Mighty Aphrodite

Once upon a time, the parallels between Woody Allen's life and art were a large part of his charm. His fans--a small but ardent cult--took it on faith that the characters Allen played on-screen bore more than a passing resemblance to their creator. Seeing his movies was as close as we could get to having dinner with him (at Elaine's, of course), and it seemed pretty close: after all, we got the witty dinner table repartee, the intimate confessions, the philosophical speculations. Little wonder, then, that many were disappointed when it turned out Allen didn't practice the high moral standards he preached. And little wonder, too, that many critics have insisted on judging his post-scandal films not on their artistic or comedic merit, but on how closely they mirror the revised popular perception of Allen's character.

His new film, Mighty Aphrodite, has already suffered its share of knee-jerk scorn; a month before the movie was scheduled to open, The New York Times ran a scathing critique--not in the Arts and Leisure section, but on the Op-Ed page. It's a shame, because Mighty Aphrodite is actually one of the funniest and most sweet-natured films of Allen's career. He plays Lenny Weinrib, a middle-aged sportswriter whose wife, Amanda (Helena Bonham Carter), manages a Soho art gallery. As the film opens, the childless couple is debating whether or not to adopt. "Not me," Lenny says. "I don't want to adopt." Why not? "Same reason I wouldn't lease a car: pride of ownership." Cut to Lenny, cooing and cradling his new adopted son, Max.

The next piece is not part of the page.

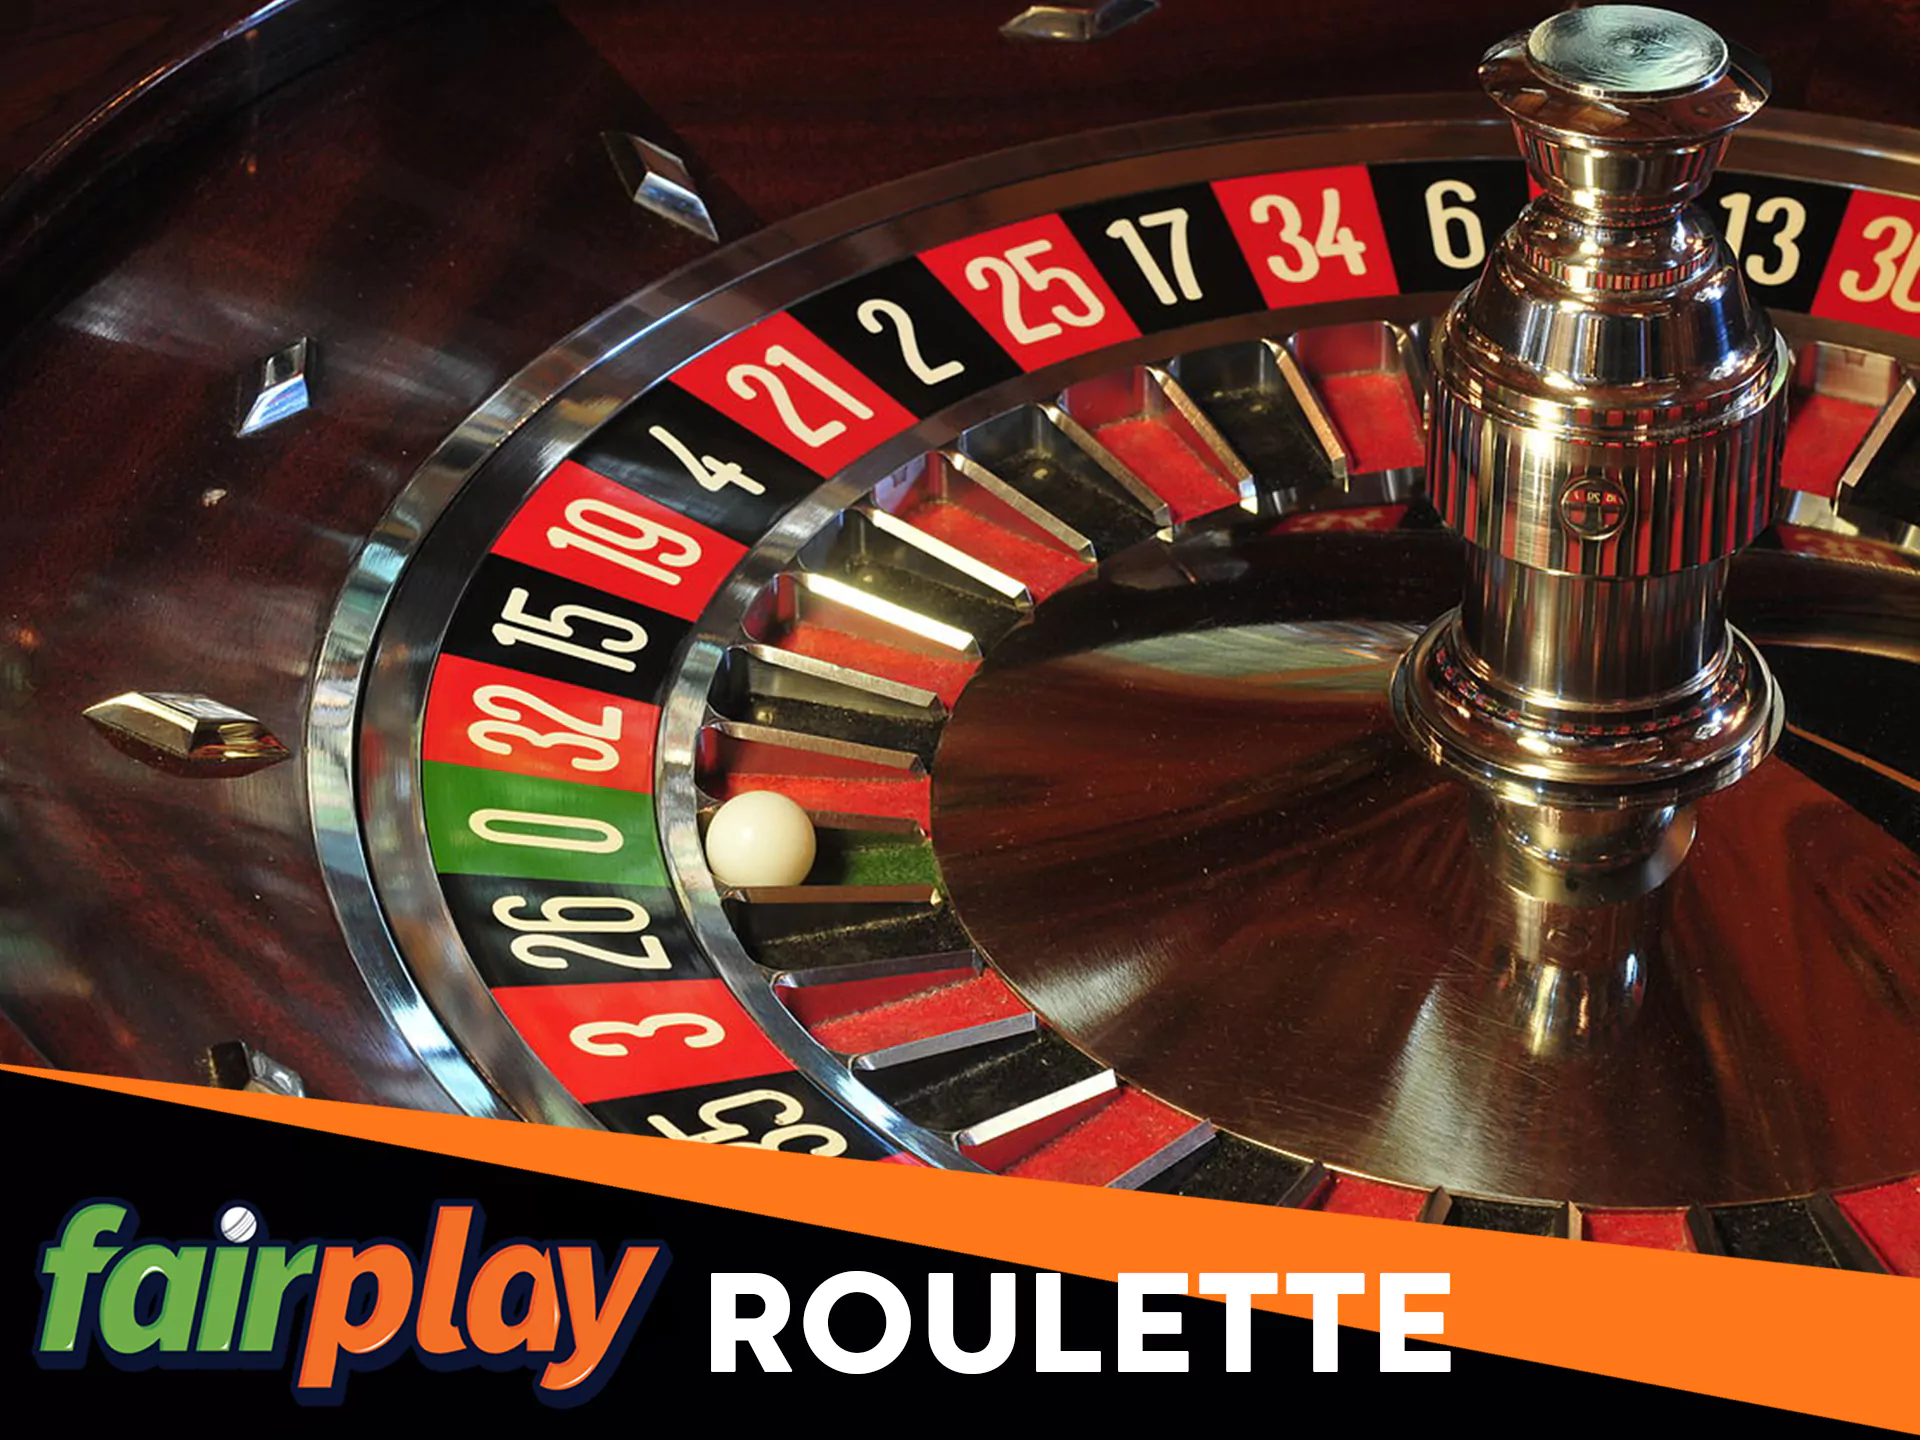 Play roulette at Fairplay.
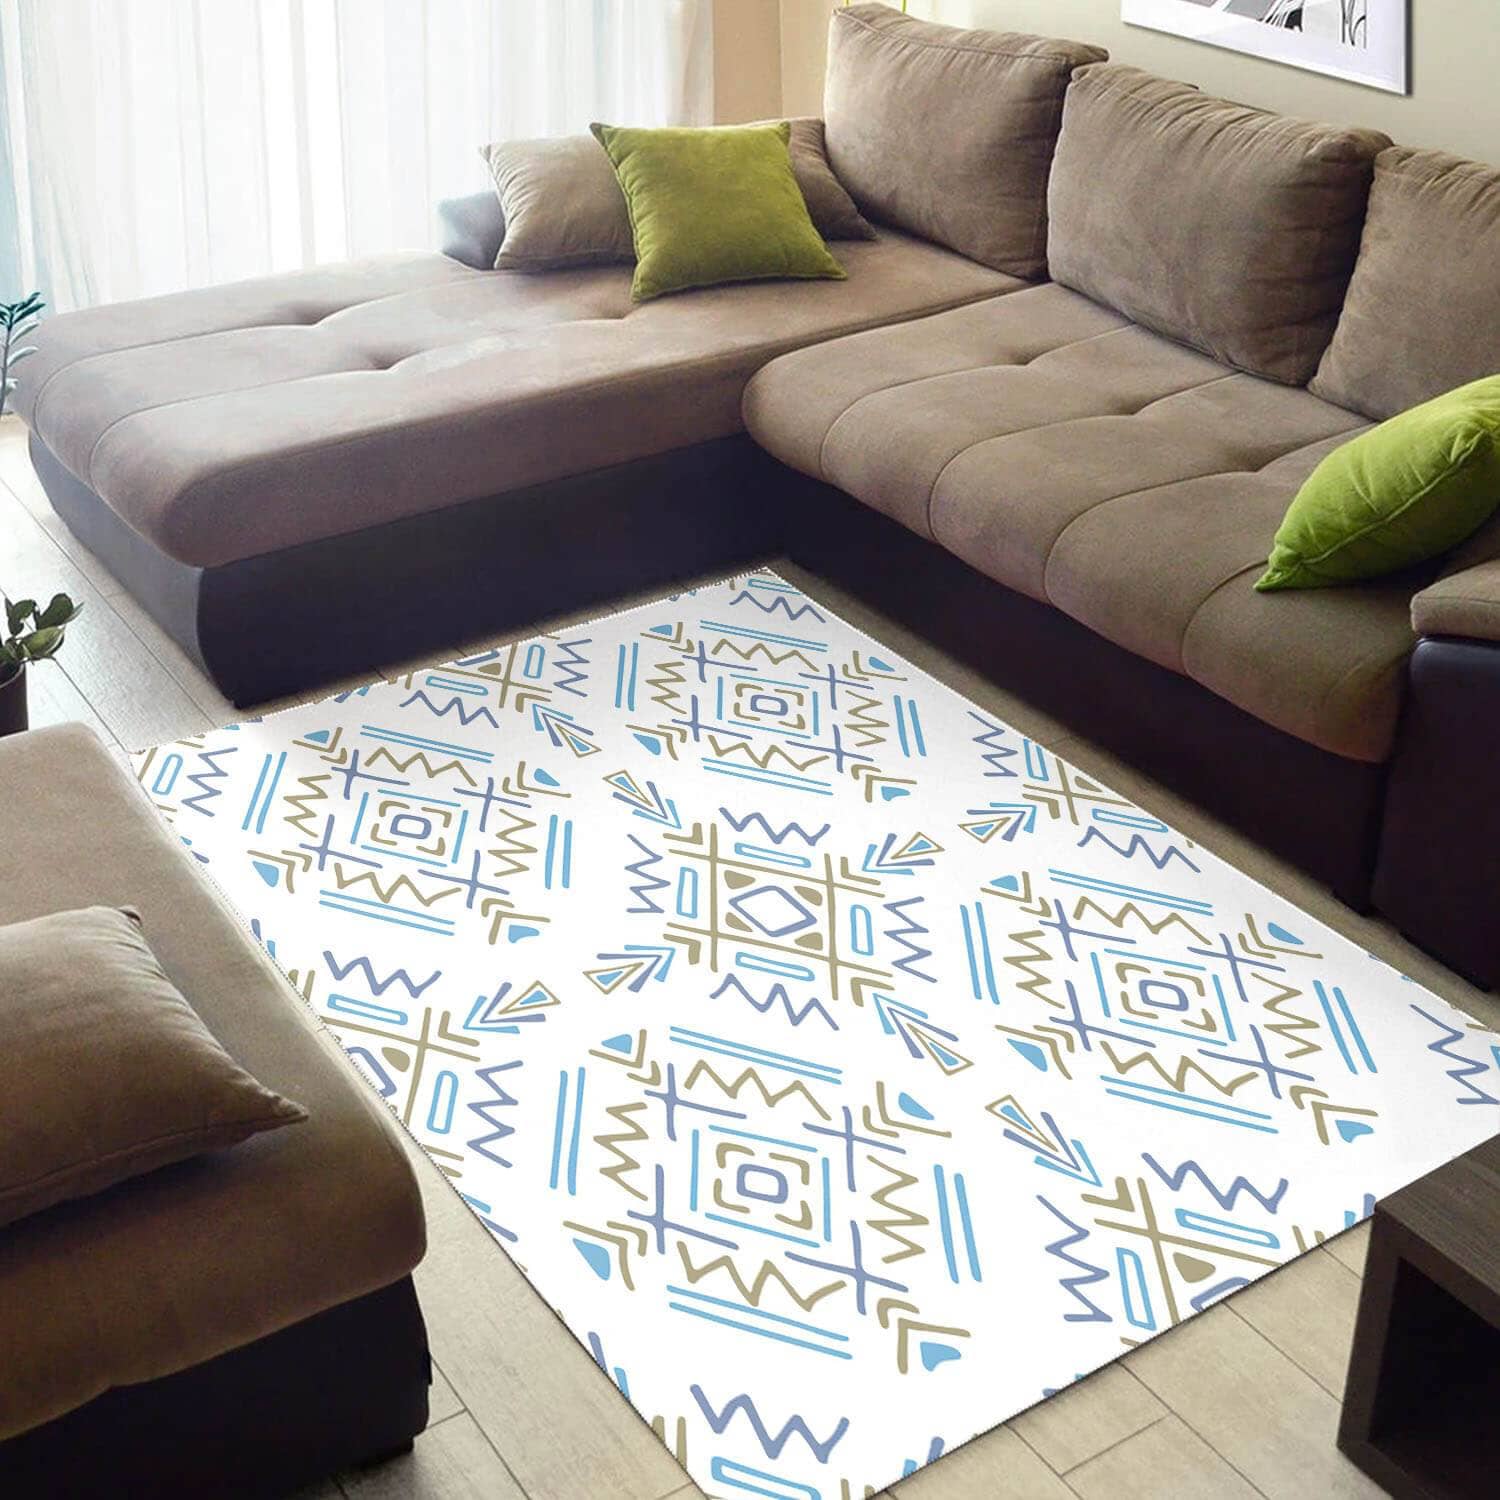 Trendy African Abstract American Black Art Ethnic Seamless Pattern Themed Inspired Home Rug

Turns out Lenny is a great father, not to mention an upstanding husband--can't you just hear Allen's detractors sharpening their knives?--and Max is a terrific kid. Still, five years later his marriage is in trouble, the result of his ambitious wife's busy work schedule and her infatuation with the owner of her gallery (Peter Weller). Depressed about his crumbling marriage, Lenny decides to seek out his son's birth mother, convinced that she'll be the smart and witty spitting image of the son she gave away. He steals her records from the agency that arranged the adoption, follows a couple of loose leads, and finally finds her in Manhattan. She's not exactly what he expected: Linda (Mira Sorvino) is a deliciously trashy would-be actress who supports herself by turning tricks and appearing in the occasional porn film (her screen name is Judy Cum).

Once Lenny finds Linda, Mighty Aphrodite turns into a hysterically crude cross between Pygmalion and Born Yesterday. Allen and the six-foot-tall Sorvino make a terrific comic duo: she is a tower of animal sensuality; he is a shack of nervous intellect. His first instinct is to educate her, despite her obvious intellectual limitations. Later, he settles on finding her a respectable mate. Throughout the film, Allen uses a traditional Greek chorus (led by Amadeus's F. Murray Abraham) to comment on the action. At first, the device seems mannered, but once Allen starts interacting with the chorus members it works to hilarious effect. And despite the chorus's predictions of doom, Allen delivers his characters a happy ending.

Okay, so maybe Mighty Aphrodite's ultimately sunny world view isn't an accurate reflection of Allen's life. And maybe Allen isn't the noble gentleman Lenny turns out to be (Lenny only sleeps with Linda once, after his wife leaves him, and eventually manages to save his marriage). Give the guy a break: he set out to make a comedy, not write his autobiography. As comedies go, this may be the funniest of the year.